Records drawn from a dataset
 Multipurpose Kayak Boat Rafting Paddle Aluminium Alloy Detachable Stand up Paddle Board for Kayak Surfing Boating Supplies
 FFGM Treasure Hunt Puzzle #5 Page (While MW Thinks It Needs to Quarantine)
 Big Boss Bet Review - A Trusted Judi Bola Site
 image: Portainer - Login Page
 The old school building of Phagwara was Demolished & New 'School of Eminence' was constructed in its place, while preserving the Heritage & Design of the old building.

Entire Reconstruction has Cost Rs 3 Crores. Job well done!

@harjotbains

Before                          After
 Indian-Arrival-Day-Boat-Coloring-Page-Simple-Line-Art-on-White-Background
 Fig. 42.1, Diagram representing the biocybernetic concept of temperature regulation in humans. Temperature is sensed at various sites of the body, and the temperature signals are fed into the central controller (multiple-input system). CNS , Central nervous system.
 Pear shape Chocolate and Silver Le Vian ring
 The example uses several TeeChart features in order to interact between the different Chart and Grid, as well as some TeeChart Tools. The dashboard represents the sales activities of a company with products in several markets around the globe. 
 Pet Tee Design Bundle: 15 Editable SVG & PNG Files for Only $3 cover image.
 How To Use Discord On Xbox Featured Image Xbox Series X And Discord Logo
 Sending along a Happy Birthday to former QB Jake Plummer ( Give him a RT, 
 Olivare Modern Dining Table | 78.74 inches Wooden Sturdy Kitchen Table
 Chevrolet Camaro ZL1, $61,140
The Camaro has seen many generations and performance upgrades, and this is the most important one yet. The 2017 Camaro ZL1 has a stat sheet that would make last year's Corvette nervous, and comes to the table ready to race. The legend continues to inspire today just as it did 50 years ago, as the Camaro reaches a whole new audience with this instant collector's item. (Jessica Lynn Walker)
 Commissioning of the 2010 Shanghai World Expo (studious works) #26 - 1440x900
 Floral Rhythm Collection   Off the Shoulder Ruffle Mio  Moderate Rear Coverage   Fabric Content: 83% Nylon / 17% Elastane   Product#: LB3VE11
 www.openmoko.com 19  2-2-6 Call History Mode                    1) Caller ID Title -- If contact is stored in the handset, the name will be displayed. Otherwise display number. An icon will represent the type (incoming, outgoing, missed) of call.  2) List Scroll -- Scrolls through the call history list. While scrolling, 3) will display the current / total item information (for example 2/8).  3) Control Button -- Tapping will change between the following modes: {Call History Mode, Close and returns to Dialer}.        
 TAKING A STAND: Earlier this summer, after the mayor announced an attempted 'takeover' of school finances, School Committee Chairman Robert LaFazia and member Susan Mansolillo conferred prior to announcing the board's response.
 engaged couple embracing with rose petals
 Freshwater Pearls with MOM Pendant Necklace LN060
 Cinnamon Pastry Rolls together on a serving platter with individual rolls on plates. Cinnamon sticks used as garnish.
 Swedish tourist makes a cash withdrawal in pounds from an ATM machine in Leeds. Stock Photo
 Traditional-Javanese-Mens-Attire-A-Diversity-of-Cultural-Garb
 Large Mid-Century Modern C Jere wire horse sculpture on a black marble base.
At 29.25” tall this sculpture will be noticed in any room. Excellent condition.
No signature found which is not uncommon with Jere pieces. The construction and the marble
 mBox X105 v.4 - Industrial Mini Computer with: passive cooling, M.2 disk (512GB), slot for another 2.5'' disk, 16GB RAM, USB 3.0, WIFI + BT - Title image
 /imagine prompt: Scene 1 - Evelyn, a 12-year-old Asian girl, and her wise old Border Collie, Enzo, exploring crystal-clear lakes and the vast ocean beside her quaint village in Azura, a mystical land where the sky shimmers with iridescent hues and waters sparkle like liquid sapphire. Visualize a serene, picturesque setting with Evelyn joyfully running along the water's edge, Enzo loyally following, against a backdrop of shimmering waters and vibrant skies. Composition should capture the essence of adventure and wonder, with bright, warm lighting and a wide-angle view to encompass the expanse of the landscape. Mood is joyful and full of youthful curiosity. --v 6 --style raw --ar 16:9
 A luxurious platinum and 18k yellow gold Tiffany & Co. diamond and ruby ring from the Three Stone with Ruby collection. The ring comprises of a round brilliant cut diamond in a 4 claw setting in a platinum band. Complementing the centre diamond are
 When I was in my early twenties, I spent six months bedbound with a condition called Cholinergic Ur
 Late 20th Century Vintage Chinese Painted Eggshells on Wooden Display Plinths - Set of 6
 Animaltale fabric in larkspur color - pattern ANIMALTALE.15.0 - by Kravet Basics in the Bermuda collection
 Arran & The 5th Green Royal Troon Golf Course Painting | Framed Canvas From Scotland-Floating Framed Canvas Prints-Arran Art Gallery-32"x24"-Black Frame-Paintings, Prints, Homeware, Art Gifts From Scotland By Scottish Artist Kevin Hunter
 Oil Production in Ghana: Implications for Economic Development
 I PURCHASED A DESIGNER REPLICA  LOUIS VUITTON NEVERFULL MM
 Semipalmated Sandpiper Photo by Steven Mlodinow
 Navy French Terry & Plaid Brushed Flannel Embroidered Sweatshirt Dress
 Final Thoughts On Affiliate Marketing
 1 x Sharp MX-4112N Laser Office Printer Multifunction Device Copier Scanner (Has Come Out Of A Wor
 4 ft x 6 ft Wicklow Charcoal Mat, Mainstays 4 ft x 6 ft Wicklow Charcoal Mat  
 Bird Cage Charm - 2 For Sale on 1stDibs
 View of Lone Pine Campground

**YOUR GOAL:** Starting at the line that contains "Big Boss Bet" and stopping after the line that contains "Floral Rhythm Collection", write out every line exactly as it appears above, and no other line.

**THE ANSWER:**
 Big Boss Bet Review - A Trusted Judi Bola Site
 image: Portainer - Login Page
 The old school building of Phagwara was Demolished & New 'School of Eminence' was constructed in its place, while preserving the Heritage & Design of the old building.

Entire Reconstruction has Cost Rs 3 Crores. Job well done!

@harjotbains

Before                          After
 Indian-Arrival-Day-Boat-Coloring-Page-Simple-Line-Art-on-White-Background
 Fig. 42.1, Diagram representing the biocybernetic concept of temperature regulation in humans. Temperature is sensed at various sites of the body, and the temperature signals are fed into the central controller (multiple-input system). CNS , Central nervous system.
 Pear shape Chocolate and Silver Le Vian ring
 The example uses several TeeChart features in order to interact between the different Chart and Grid, as well as some TeeChart Tools. The dashboard represents the sales activities of a company with products in several markets around the globe. 
 Pet Tee Design Bundle: 15 Editable SVG & PNG Files for Only $3 cover image.
 How To Use Discord On Xbox Featured Image Xbox Series X And Discord Logo
 Sending along a Happy Birthday to former QB Jake Plummer ( Give him a RT, 
 Olivare Modern Dining Table | 78.74 inches Wooden Sturdy Kitchen Table
 Chevrolet Camaro ZL1, $61,140
The Camaro has seen many generations and performance upgrades, and this is the most important one yet. The 2017 Camaro ZL1 has a stat sheet that would make last year's Corvette nervous, and comes to the table ready to race. The legend continues to inspire today just as it did 50 years ago, as the Camaro reaches a whole new audience with this instant collector's item. (Jessica Lynn Walker)
 Commissioning of the 2010 Shanghai World Expo (studious works) #26 - 1440x900
 Floral Rhythm Collection   Off the Shoulder Ruffle Mio  Moderate Rear Coverage   Fabric Content: 83% Nylon / 17% Elastane   Product#: LB3VE11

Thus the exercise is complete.